We have a long way to go – in print and digital – in advertising and subscription that we don’t have the mental space for right now. Throwing things at the wall and seeing what sticks is an inefficient approach.
The fact that Apple News has failed twice shows every day journalism is tough. The fact that we have been dealing with journalistic content on a daily basis has created an incredible amount of goodwill and an irreplaceable brand.
Lochan: For The Hindu, digital accounts for less than 5 percent of the total revenue but we run it profitably. What does digital journalism mean for your brand?
Gupta: For Jagran, display advertising accounts for the maximum revenue – about 60 percent. Our focus, right now, needs to be there rather than jumping onto the subscriptions bandwagon.
Digital provides us with about 3 percent revenue, within which we explore the opportunities it presents. Branded content and content to commerce provide us ample room to play with.
The purpose of our content is to generate reach that will be substantiated by advertising. The most exciting about the digital space is that there is nothing right or wrong and one must constantly experiment.
Goenka: Indian Express is shy of 10 percent digital revenue, but it’s a fast growing number. It is too early to dream that it will replace print revenue one day. For content to commerce to be successful, we need to own that particular audience.
I doubt IE could ever compete with a major apparel e-commerce site. BuzzFeed, Vice and Vox got a bit too ambitious, even though their ideas and products were good.
There has to be some reality in your business plans, something the digital world is going to start to feel at some point. One must avoid spending too much money without seeing returns. BuzzFeed’s use of technology is incredible; they perhaps aspired to be at too many places at the same time and could not sustain.
Gupta: Garnering trust is prime. A person who is visiting BuzzFeed knows they are going to see content making them try to buy a product. Over a period of time, the trust will start diluting. It is important to note that the purpose of content cannot be monetisation all the time. We need to graduate loyal users into brand lovers.
Lochan: Will Indian news media in the digital space ever get to know its audience as well as Amazon or Flipkart know their audiences?

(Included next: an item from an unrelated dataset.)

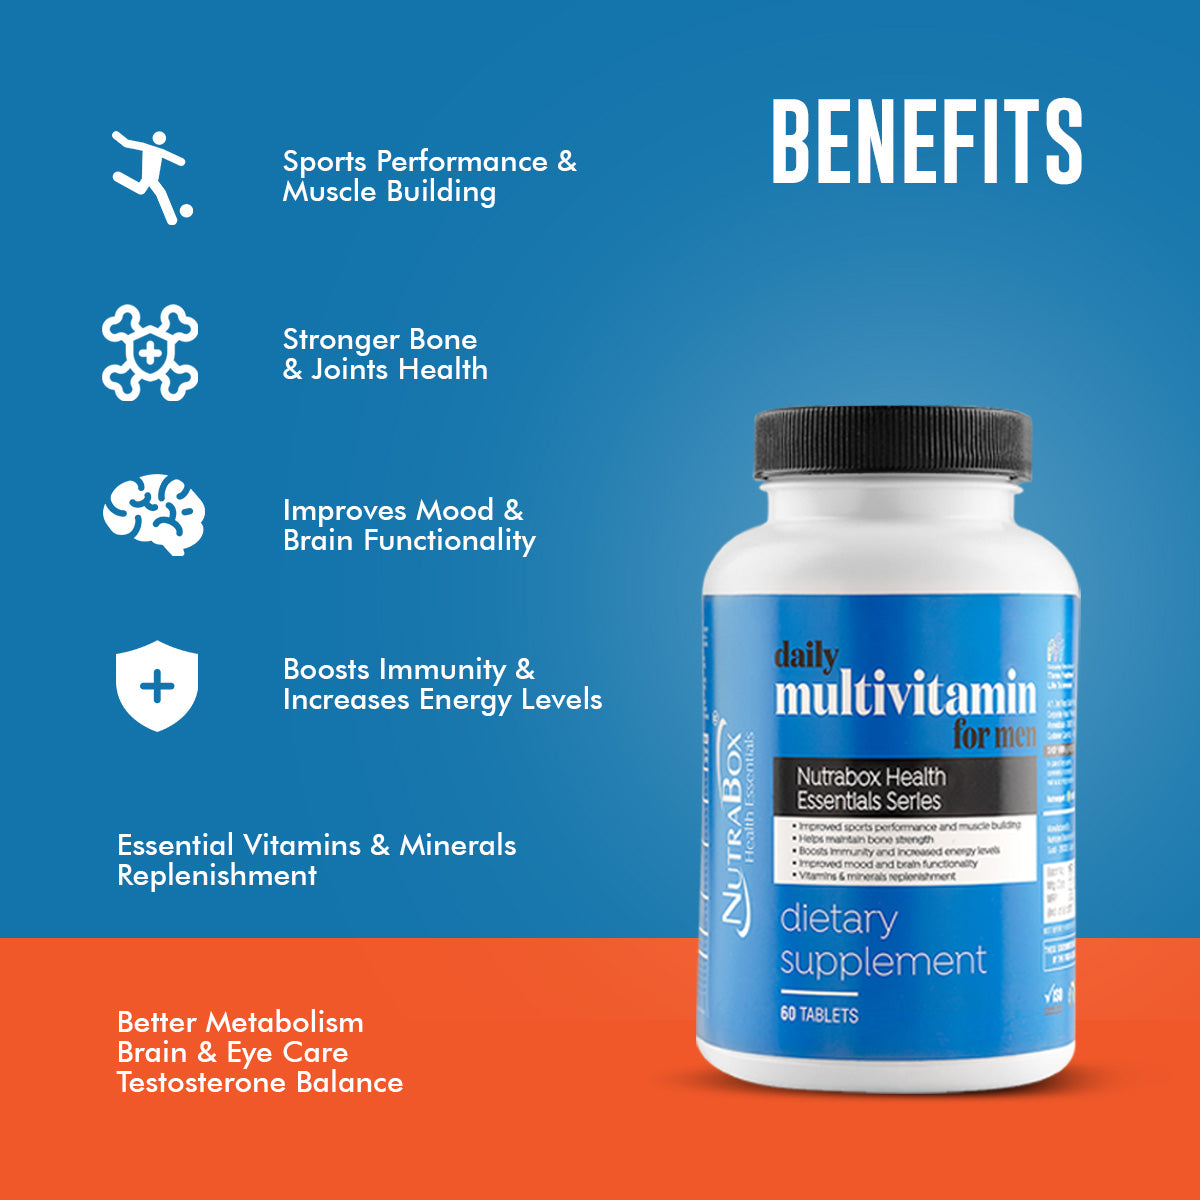 Benefits of Daily Multivitamins for Men

Or will we limit ourselves to knowing our consumers from a journalism stand point? Simply put, will we ever know our consumers the way advertisers want us to know our consumers?
Goenka: Publishers do four things – create content, sell advertising, distribute, and the fact that they do these three things every day, is the fourth. Since anyone with a smartphone can create content, it’s a terrible business to be in.
Google and Facebook are better at advertising than anyone. Distribution wise, radio, TV and digital all fair better than print ever will. The only thing left is what we do every day – the credibility business, where the barrier to entry is very high, and we have a great head start. As long as we keep at it, advertising will appreciate and respect it.
The purpose of advertising, for over the last 50-70 years, is to make brands more human. When Section 377 was decriminalised in India, a number of brands came out in support.
Gupta: Audience analytics is the one thing we are deeply investing in. How can one target their audience to increase advertising efficiency? Targeting does not mean privacy invasion; it simply means making advertising efficient and relevant.
There is not enough gravitation for language based eCPMs (a metric used to measure a publisher’s ad monetisation performance). Unfortunately, the digital ecosystem is going through what print went through.
It took 70-80 years for print to reach a threshold where it started enjoying advertising rates that were equivalent to the national dailies or English dailies. Digital, which is a much more measurable medium, is going through the same process.